I've not been a member of this forum for very long, but have been dealing with in some way (mostly through denial) the issues of gender dysphoria for a long time. Overtime, my understanding of myself has grown from originally believing I had a crossdressing fetish, to identifying myself as genderfluid to finally really connecting with myself and understanding that I am indeed a trans woman.
Today was a big day for me, very exciting and very destructive all at once. Today, I got the letter, the one that opens the door to the first steps of medical transition via hormone replacement therapy I also have an initial appointment with an OB/GYN to start the process at the end of this month. I'm excited, scared, anxious and ecstatic all at the same time. This is a huge step forward for me and one that while coming quickly, I have spent considerable time and debate determining whether or not I should pursue it. In the end, I'm confident this is the right path for me and will finally set me on the road to finding true comfort with myself both physically and how I interact with the world.
Unfortunately, this also almost assuredly means the end of my marriage. I've been married to my high school sweetheart for 18 years and we've been together for 24. When I first came out to her as transgender, she set a line in the sand that if I were to pursue any physical altercations to my body (HRT, FFS, GRS) that she would not be able to stay with me. She is really struggling with the "death" of her husband and that came to the surface again today when I told her about my appointment and letter. She even referred to me as the bitch that took her husband away.

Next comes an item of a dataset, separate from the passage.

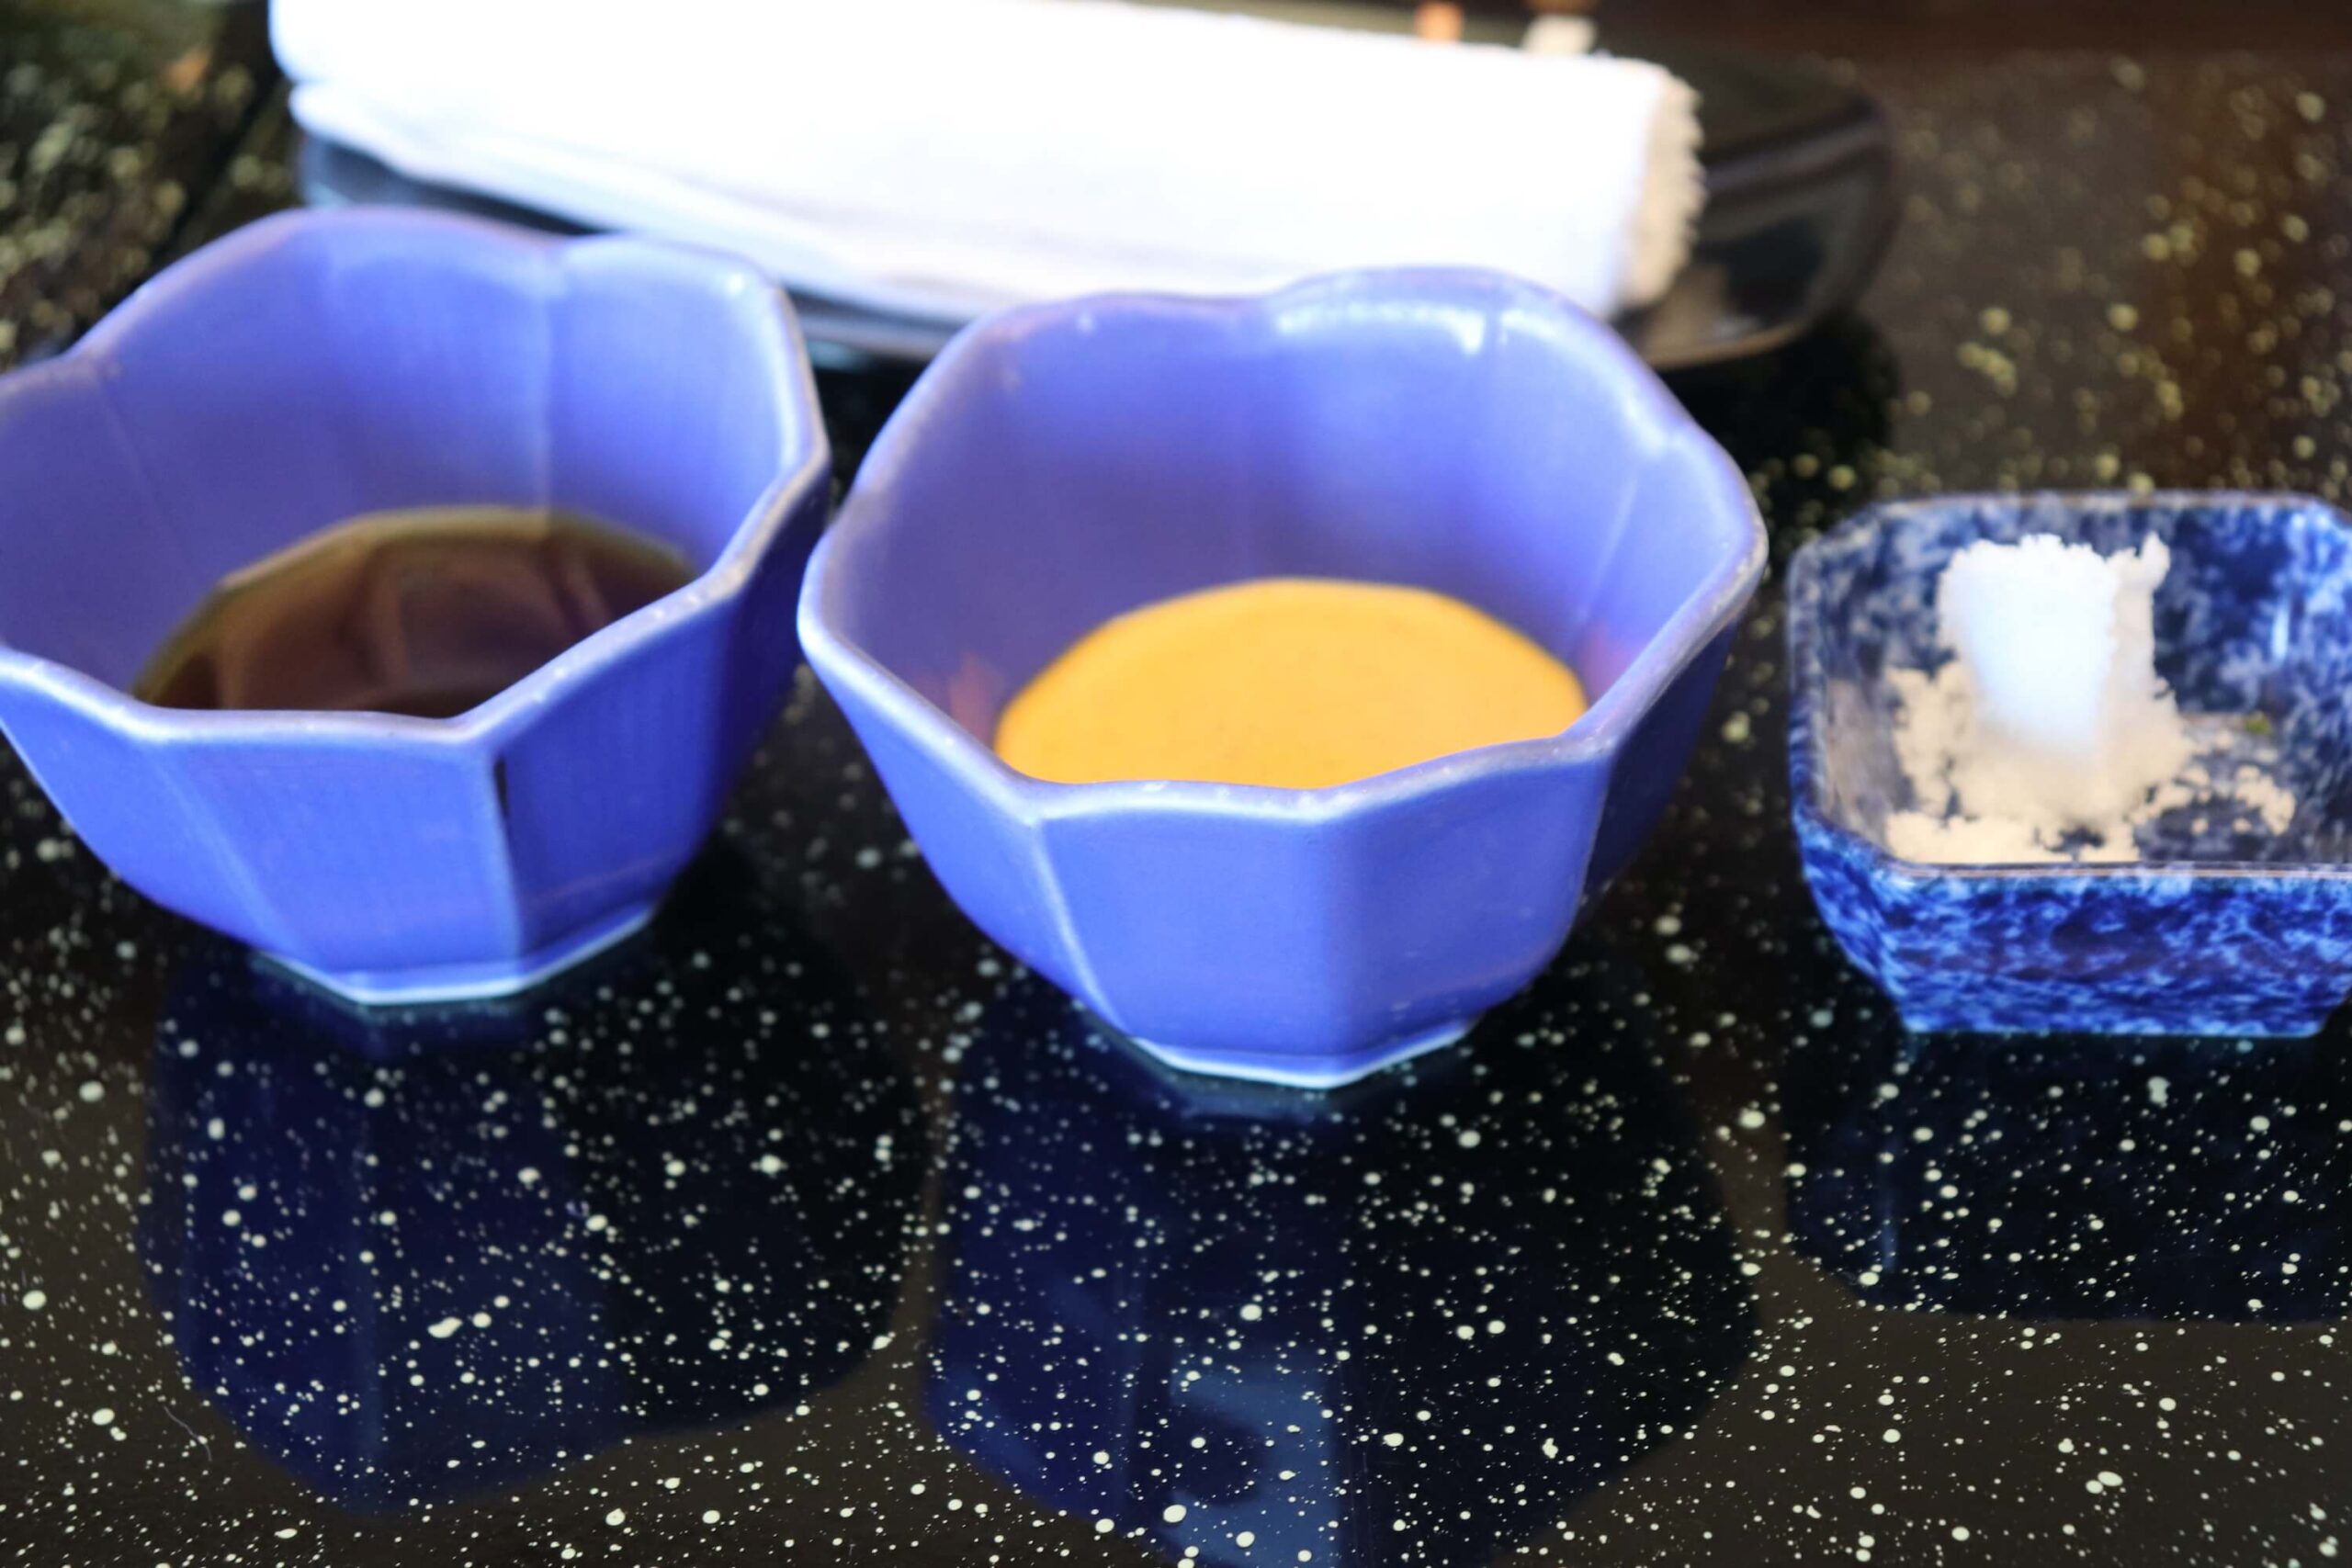 粋松亭の朝食のサラダのドレッシング

Yes there were a lot of hurtful things said today, lots of hurtful actions as well. She smashed a glass frame that had a photo of us, she removed her wedding and engagement rings from her hand. She admitted that while she loves me, she also hates the woman I'm becoming. I can't fault her for her feelings of loss, grief and anger, but it doesn't make it hurt any less. I knew all along that if my journey took me down this path that I was most likely going to lose her, but I had hoped maybe we'd find a way through. We've been in couples counseling but now she's made it clear she will not go again. We've tried taking trips and just being together but it's not been enough. Somehow she believes that it will be less painful for her to remove me from her life completely than to stay and watch the woman I truly am take over the body that once belonged to her husband.
Right now the feeling, as you can imagine, is horrible. The only thing worse than the pain from her leaving is the pain from watching her suffer as well. I love her so much, I never wanted to hurt her in any way, but I don't feel like I had a choice anymore. The fact is I feel like this is the right decision for me and my family. With 39 years of repressed feelings bubbling to the surface, I can't imagine that keeping this secret tucked away any longer would have worked. I don't think I could have continued to be the husband I've been. Making the decisions to come out, to transition, to start HRT have been amazingly difficult ones but its time that I learn how to live authentically for the remaining time I have on this earth.
So I'll likely be more active in this TS board now. I've been lurking for a while reading many of the stories of struggle, confusion and triumph here and that has been helpful. I'm sure I'll have many questions along my way to transitioning to my full female self. I'm looking forward to meeting many of you whom I've not interacted with yet on other boards. I want to let you know in advance that I appreciate all your guidance, feedback, support and challenges as I work through this next phase of my journey.